Author: Ingrd A. Lilly
Publisher: BRILL
Published: 2012-06-22
Total Pages: 390
ISBN-13: 9004206744
DOWNLOAD EBOOKEmploying text-critical, literary, and codicological analysis, this book shows the significance of Papyrus 967 for understanding the book of Ezekiel's textual transmission and status as a variant literary edition.
Author: Jane Duran
Publisher: Routledge
Published: 2016-02-17
Total Pages: 267
ISBN-13: 1134779542
DOWNLOAD EBOOKNew work on women thinkers often makes the point that philosophical conceptual thought is where we find it, examples such as Simone de Beauvoir and the nineteenth century Black American writer Anna Julia Cooper assure us that there is ample room for the development of philosophy in literary works but as yet there has been no single unifying attempt to trace such projects among a variety of women novelists. This book articulates philosophical concerns in the work of five well known twentieth century women writers, including writers of color. Duran traces the development of philosophical themes - ontological, ethical and feminist - in the writings of Margaret Drabble, Virginia Woolf, Simone de Beauvoir, Toni Cade Bambara and Elena Poniatowska presenting both a general overview of the author's work with an emphasis on traditional philosophical questions and a detailed feminist reading of the work.
Author: Margot Neger
Publisher: Cambridge University Press
Published: 2023-09-30
Total Pages: 357
ISBN-13: 1009294768
DOWNLOAD EBOOKFocusing on intertextuality, this book investigates Pliny the Younger's engagement with other authors and genres in his Epistles.
Author: Sarah Carter
Publisher: Springer Nature
Published: 2021-04-20
Total Pages: 123
ISBN-13: 3030689085
DOWNLOAD EBOOKThis book is an exploration of the viability of applying the post structuralist theory of intertextuality to early modern texts. It suggests that a return to a more theorised understanding of intertextuality, as that outlined by Julia Kristeva and Roland Barthes, is more productive than an interpretation which merely identifies ‘source’ texts. The book analyses several key early modern texts through this lens, arguing that the period’s conscious focus on and prioritisation of the creative imitation of classical and contemporary European texts makes it a particularly fertile era for intertextual reading.

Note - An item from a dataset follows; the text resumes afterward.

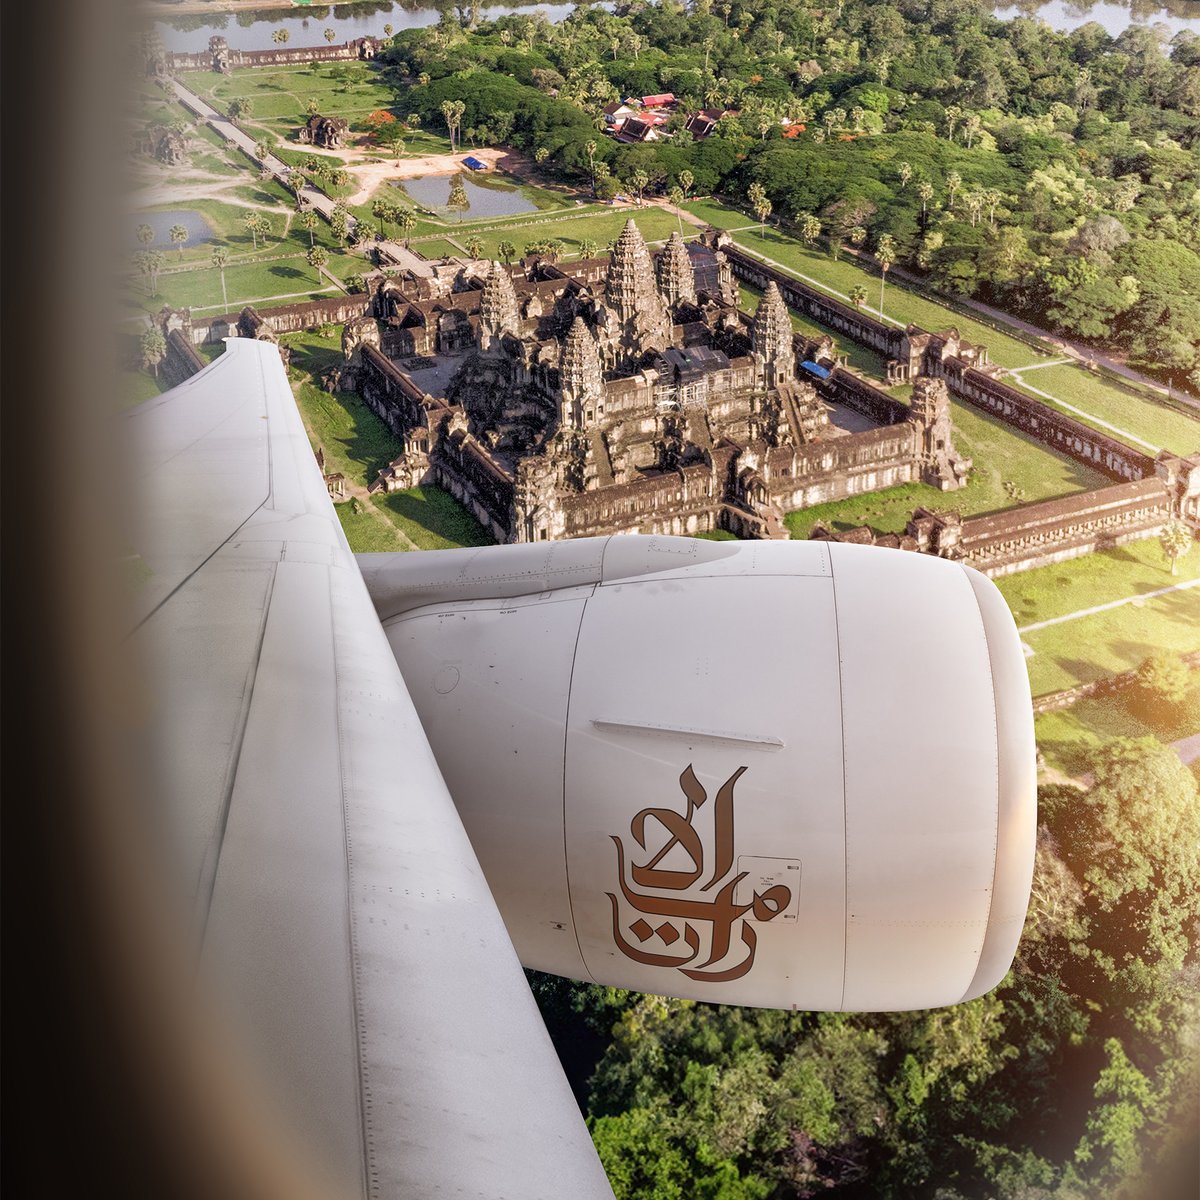 Susadei Cambodia! 🙏 We're returning to Phnom Penh from 1 May, with daily flights via Singapore.
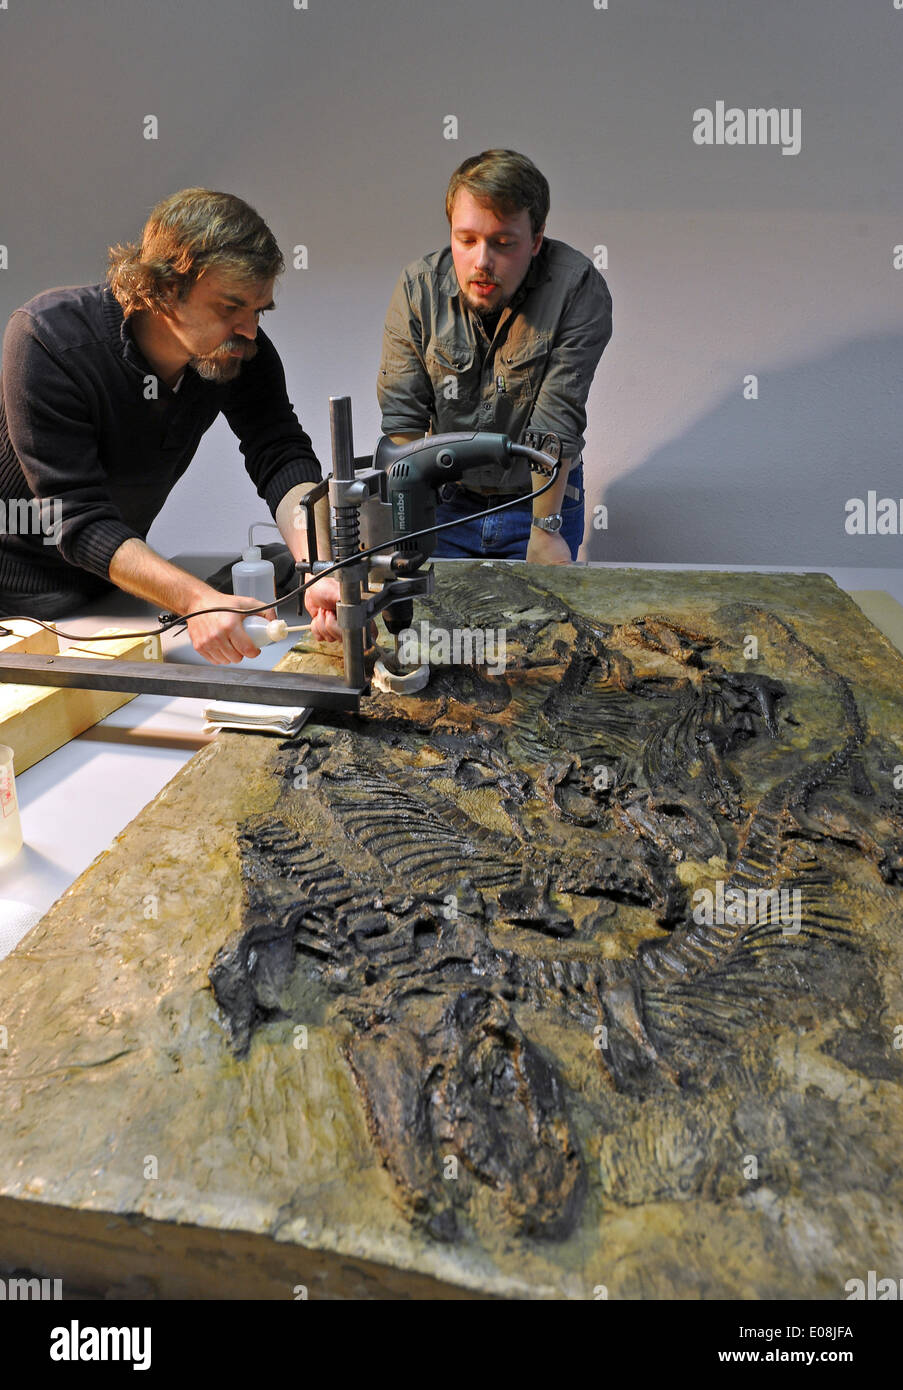 Freiberg, Germany. 06th May, 2014. Paleontologists Frederik Spindler (R) and Christen Shelton (L) take a bone sample from the world's only fossil of a Pantelosaurus, a Saxony Pelycosaurus from the Permian age, in Freiberg, Germany, 06 May 2014. Thin slices of bone have been taken to research its growth under the microscope. Photo: MATTHIAS HIEKEL/dpa/Alamy Live News Stock Photo

This analysis includes discussion of early modern creative writers’ utilisation of classical mythology, allegory, folklore, parody, and satire, in works by William Shakespeare, Sir Francis Bacon, John Milton, George Peele, Thomas Lodge, Christopher Marlowe, Francis Beaumont, and Ben Jonson, and foregrounds how meaning is created and conveyed by the interplay of texts and the movement between narrative systems. This book will be of interest to undergraduate and postgraduate students of early modern literature, as well as early modern scholars.